American geologist, geophysicist

Jeffrey C. Wynn is a research geophysicist with the United States Geological Survey (USGS). He is currently based in the Cascades Volcano Observatory in Vancouver, WA, one of the five USGS volcano observatories in the United States
.

==Professional career==
Wynn has served as vice president for R&D of Zonge International, and in several rotational management positions in the USGS. These include Chief Scientist for Volcano Hazards, Chief of the Office of Geochemistry & Geophysics, Chief of the Venezuelan Guayana & Amazonas Exploration Mission ("Jefe del Grupo Asesor"), where he was first author of the first complete geologic map of southern Venezuela,

and also published a full assessment of discovered and undiscovered mineral resources for the roadless southern half of Venezuela.

Wynn also served for four years as the Deputy Chief for Science and Chief of the USGS Saudi Arabian Mission before assuming responsibility for volcano research and monitoring as Chief Scientist for Volcano Hazards in the USGS.

Wynn has studied and published on the historical era Wabar craters asteroid impact event in the Empty Quarter of Saudi Arabia.

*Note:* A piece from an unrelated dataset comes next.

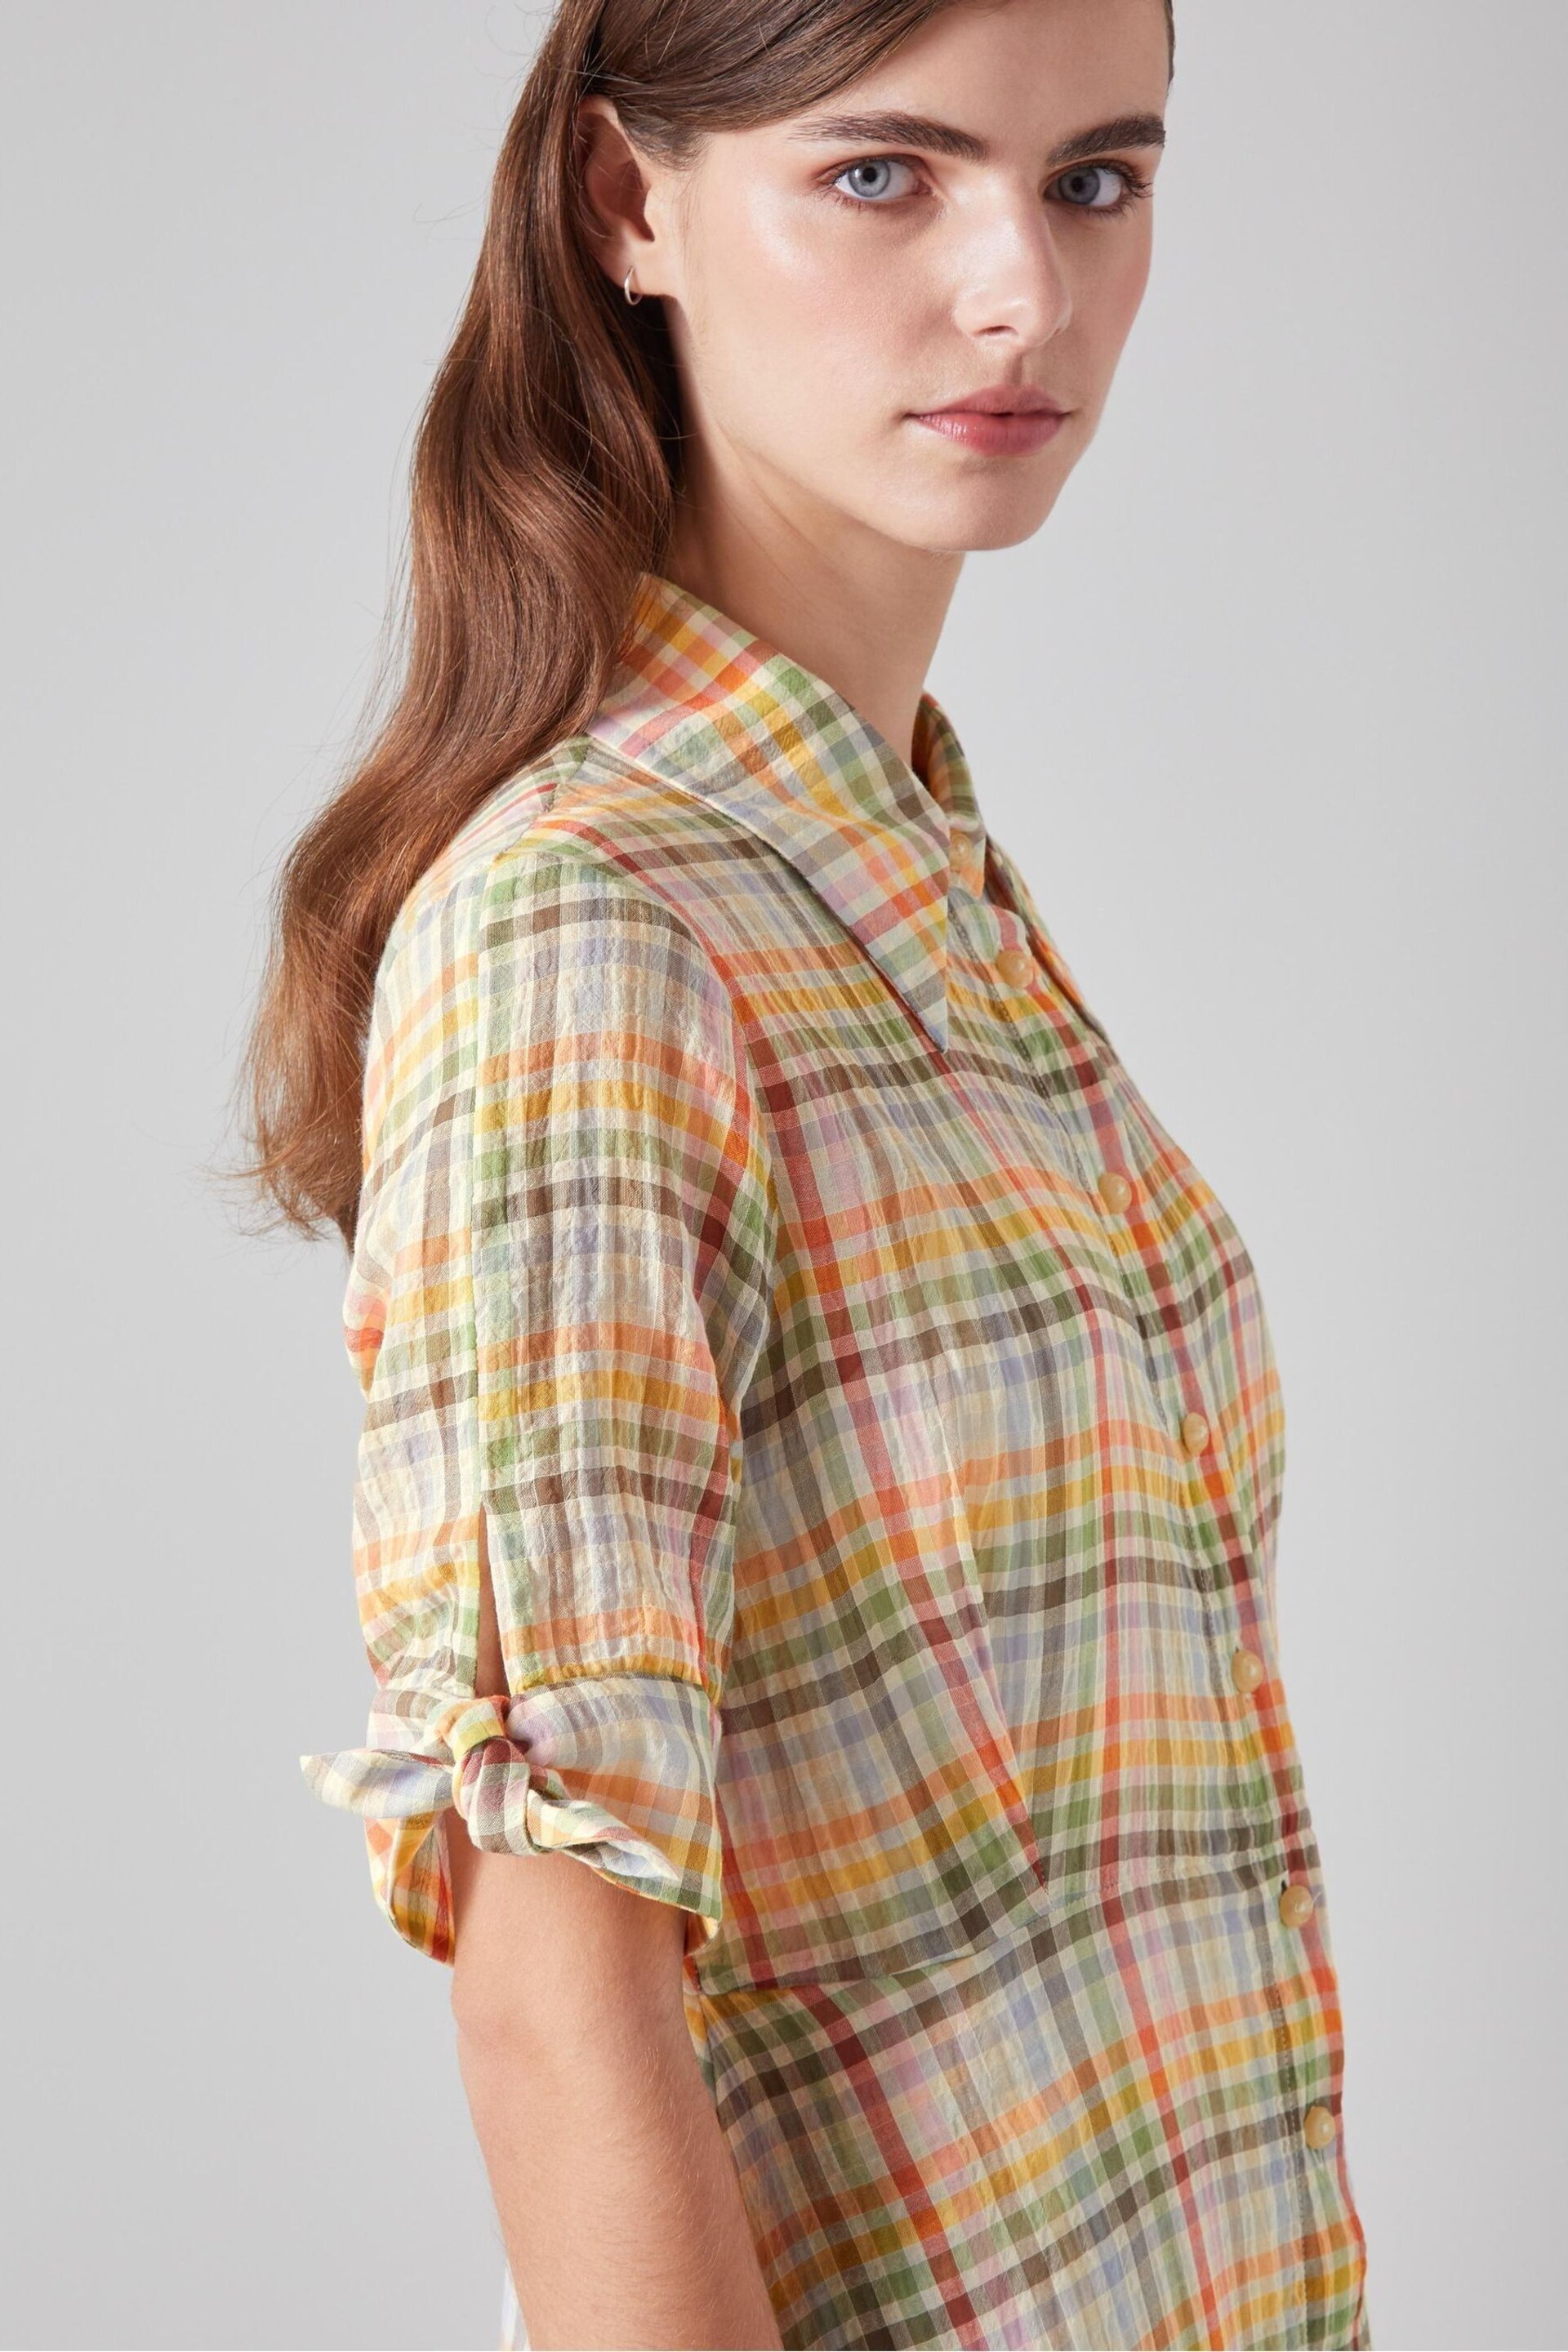 LK Bennett Saffron Gingham Seersucker Cotton Shirt Dress - Image 3 of 3

 He has also developed a new technology for mapping sub-seafloor minerals, buried wrecks, buried oil and gas infrastructure,
and migrating hydrocarbon plumes in the open ocean using a physical property called
induced polarization ("IP").

 He has also done extensive geophysical mapping in SE Alaska.

Wynn co-developed an airborne electromagnetic technology to rapidly map groundwater deep beneath arid
basins in 3D. Using this technology, he successfully mapped the groundwater of the San Pedro Basin in southern Arizona and northern (Sonora), Mexico in three dimensions.

==Publications==
He has published over 300 articles, books, patents, and maps in fields as diverse as geology, oceanography, hydrology, geophysics, archeology, and astrophysics.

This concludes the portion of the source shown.